Speaking of future blog posts, I plan on writing a series of other pieces that discuss race in the knitting community. Researching this initial topic has already given me a lot of perspective and things to think about. Racism affects more than what we’d expect we just have to see it.

3 thoughts on “An Uneven Playing Field: How Time and Money Affects POC Knitting Creators”

  1. Costs and time are not exactly signs that knitting is racist. You made a pretty graphic, but it’s misleading.

    To start, anyone on a tight budget looking to learn to knit can get a giant ball of caron by the pound for $6 on sale or $5 with a coupon. Or they can get red heart super saver.

    Next, they’re only going to need ONE set of needles. Why on earth would anyone invest $130 in an interchangeable needle set until they even know they can figure out knitting.

    Stitch markers don’t have to be bought. You can literally make stitch markers out of anything, including pieces of yarn, bobby pins, or safety pins. A project bag? A plastic market bag will do.

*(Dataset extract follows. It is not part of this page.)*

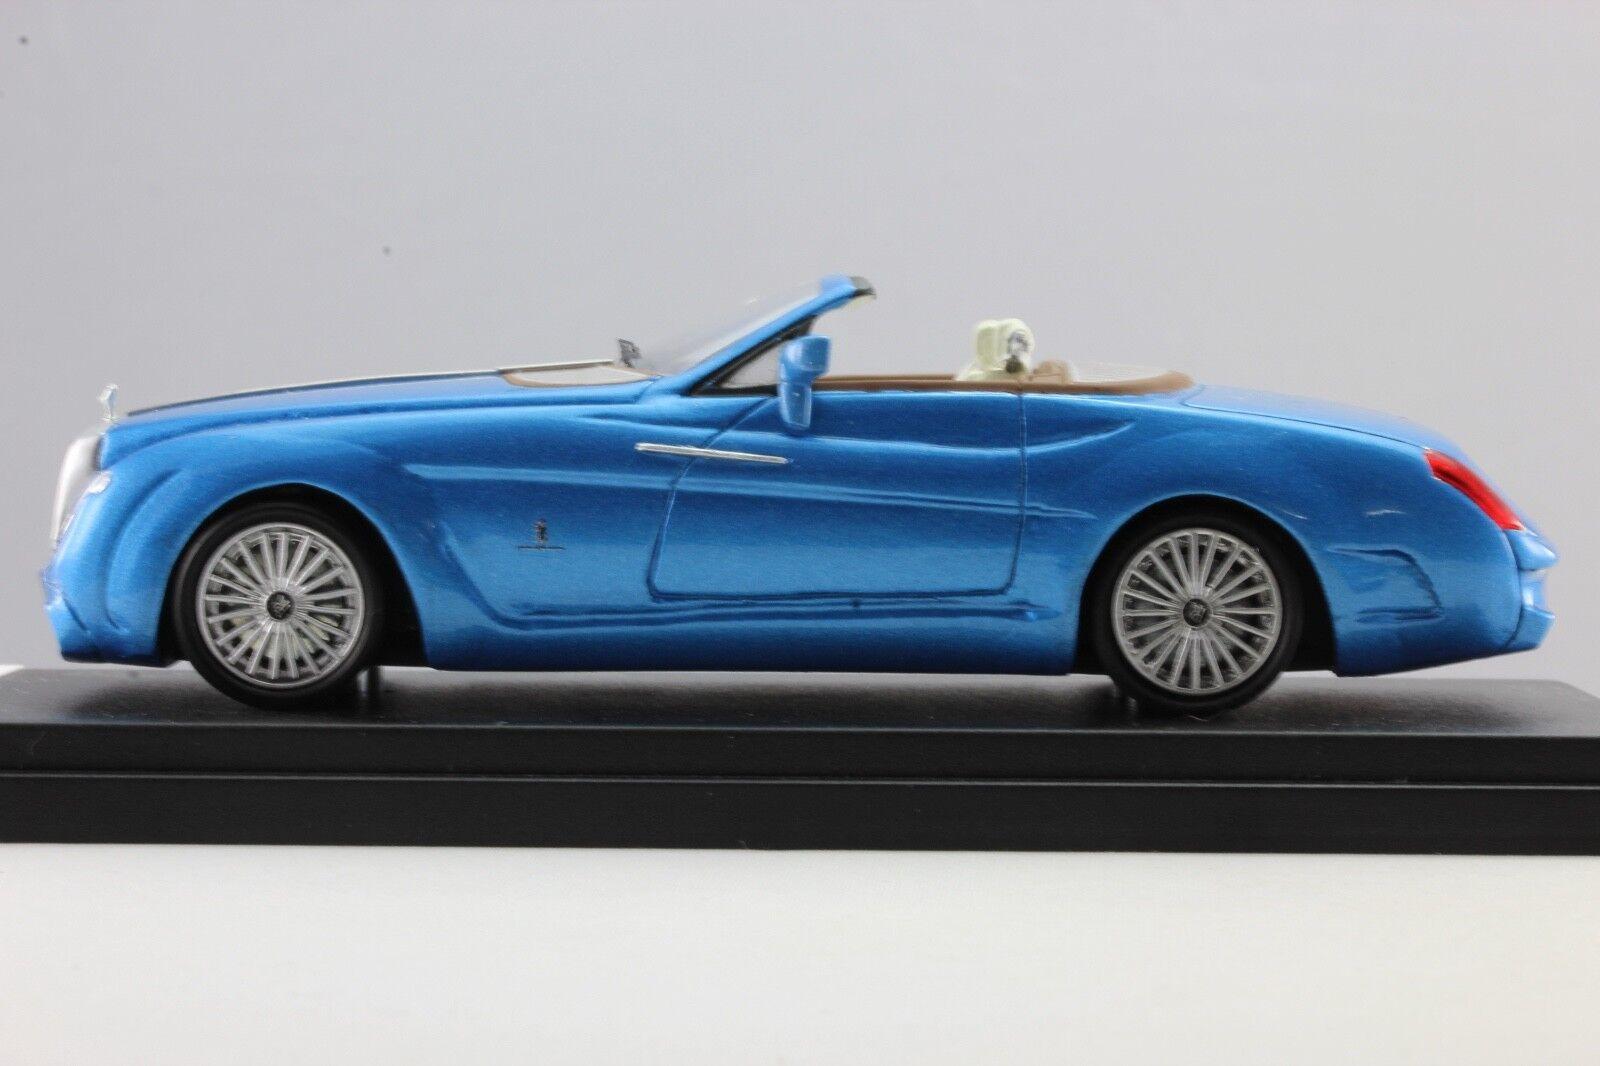 Rolls Royce Hyperion Hyperion Hyperion 2008 positions 1:43 Yow MODELLINI 38 last model car! | Finement Traité  | Fiable Réputation  | Une Grande Variété De Modèles  d7aadb

    Add ons? None of that is needed until a person feels comfortable getting the basics down.

    A paid pattern? Why? The internet has thousands of free ones, not to mention the library.

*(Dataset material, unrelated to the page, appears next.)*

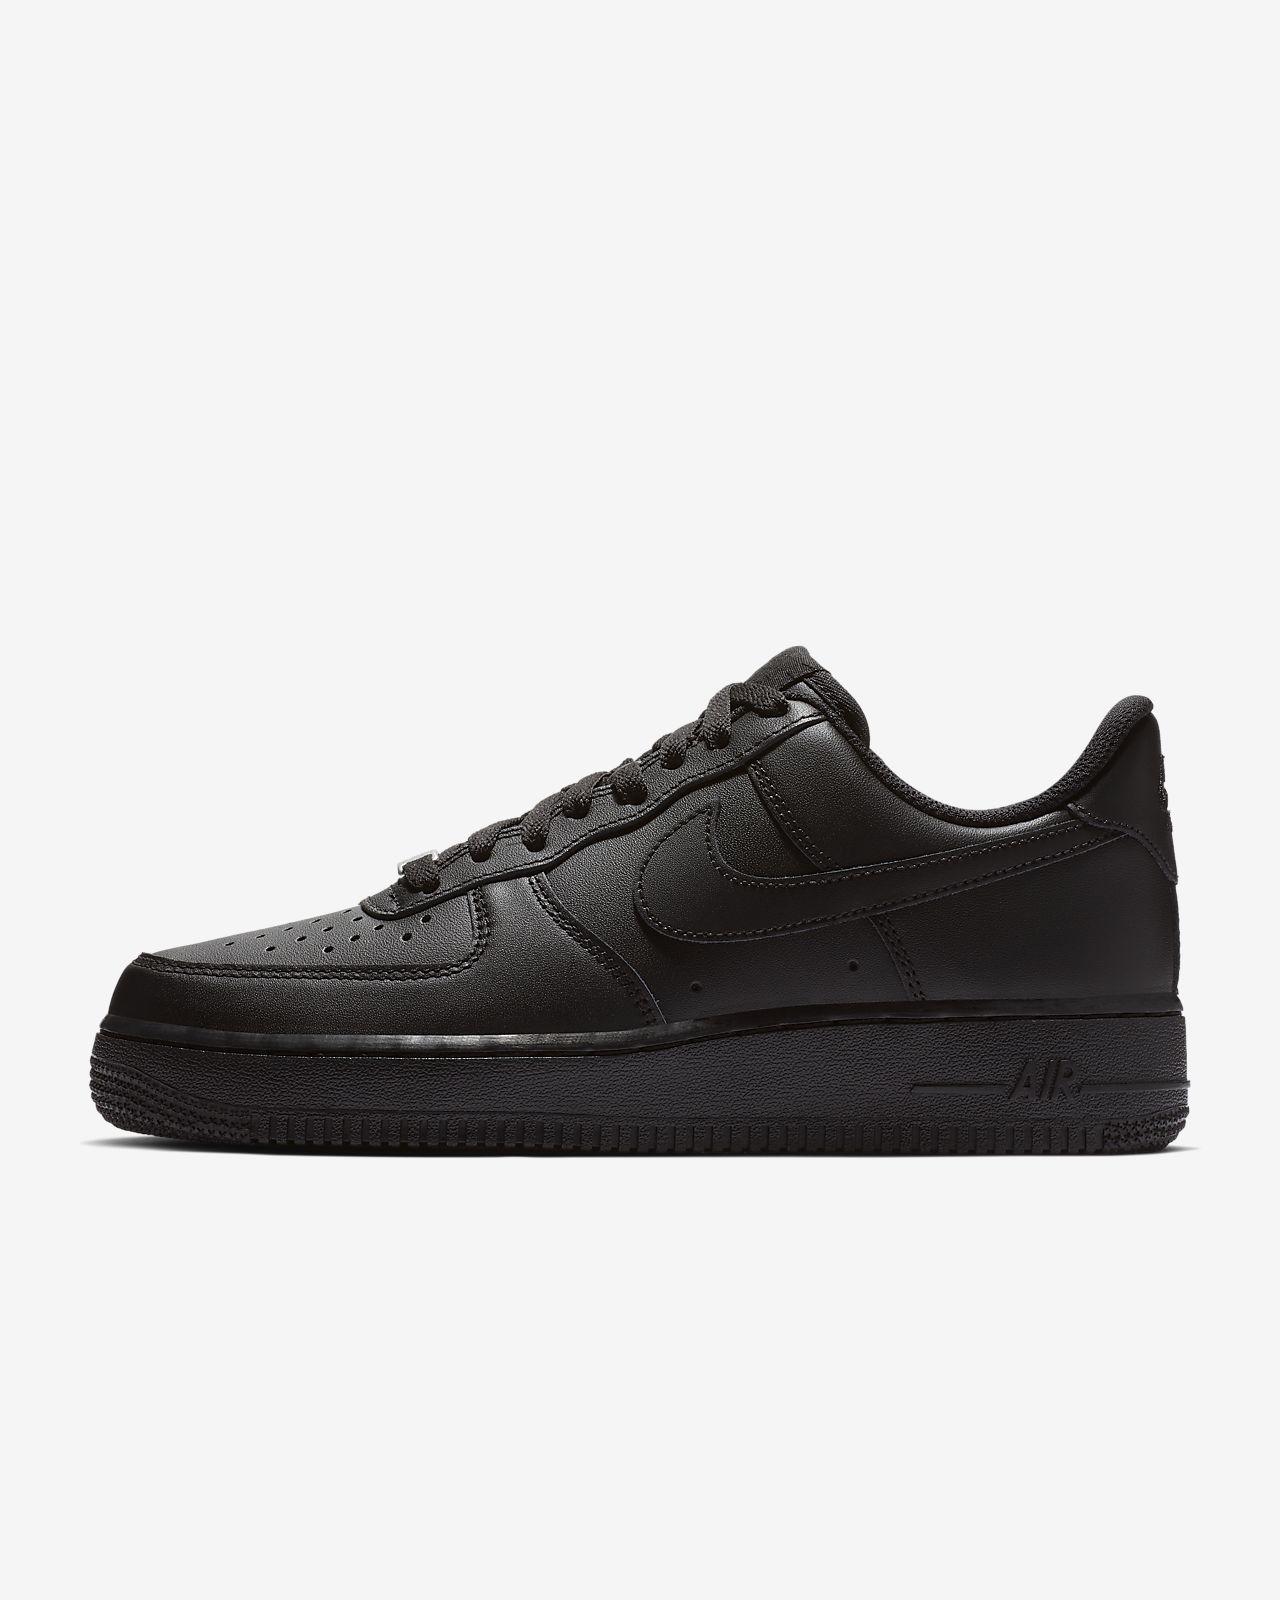 Nike Air Force 1 '07 Triple Black Damenschuh

    Time? We all have to work, raise kids, cook, clean, tend to our houses, and families. It’s a hobby – you set aside time for it.

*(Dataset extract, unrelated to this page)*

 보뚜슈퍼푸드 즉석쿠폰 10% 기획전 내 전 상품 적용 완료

    Seems to me like you and the original Vox writer are grasping at straws looking for racism where there isn’t any and both of you sound elitist as a result.

    1. First off, thank you so much for your comment. Knitting is not racist, however there is a systemic problem of racism in our world that spills over into knitting. The numbers that were used for this article are an average, there are always individuals that do not fit the mold but we are looking at broad patterns. A wage gap and a time gap are going to have larger effects that limit the ability for BIPOC people to be able to advance and become a better knitter over the course of several years knitting.

      Second, you are absolutely right about you can knit on a budget! There are a great deal of budget friendly options that I started with, and many that I continue to use. However, I chose to include the tools and add ons that I find myself reaching to the most after 15 years of knitting. When I was creating the budget, I decided to use an interchangeable needle set as opposed to a single pair of needles because in the long run they are considerably less expensive than buying single needle sets; especially when you start knitting in the round. You are right that someone who has never picked up needles before would not need an interchangeable set, however someone who has finished a few projects and wants to really get into knitting may not have the money available to purchase one (or to purchase all of the individual needles). The point of this article was to show a broader picture of how many BIPOC knitters have fewer resources available to dedicate to knitting.

      As for the available time, you’re right! We all have to make time to knit in our busy lives. However, if you have to work for more hours each day to make the same amount of money, there is simply less knitting time available period. By having less time available, that means that BIPOC knitters will not finish projects as quickly, it will be more difficult to advance, and it is even more difficult to progress in a knitting career.

      There are so many facets to this issue and I am sorry to not have gone into more detail. I promise there will be more articles that go into some of these facets. Additionally, I will be sharing blog posts on how to reduce costs as a knitter, you already mentioned a few. At the end of the day, I hope that this article inspires you to at least listen to BIPOC knitter’s stories about racism in the commuknitty.

  2. This is a good article and I can believe there is racism for the black creator. But I am black and I shop for the economical yarns and knitting supplies. That’s why there is Walmart, Mejier and thrift stores where we can buy these items. I love to knit so I am beginning to shop at the chain yarn stores and use coupons to save money. I haven’t shop in our local shops yet, but once I feel ready to invest in expensive yarns I will visit those shops.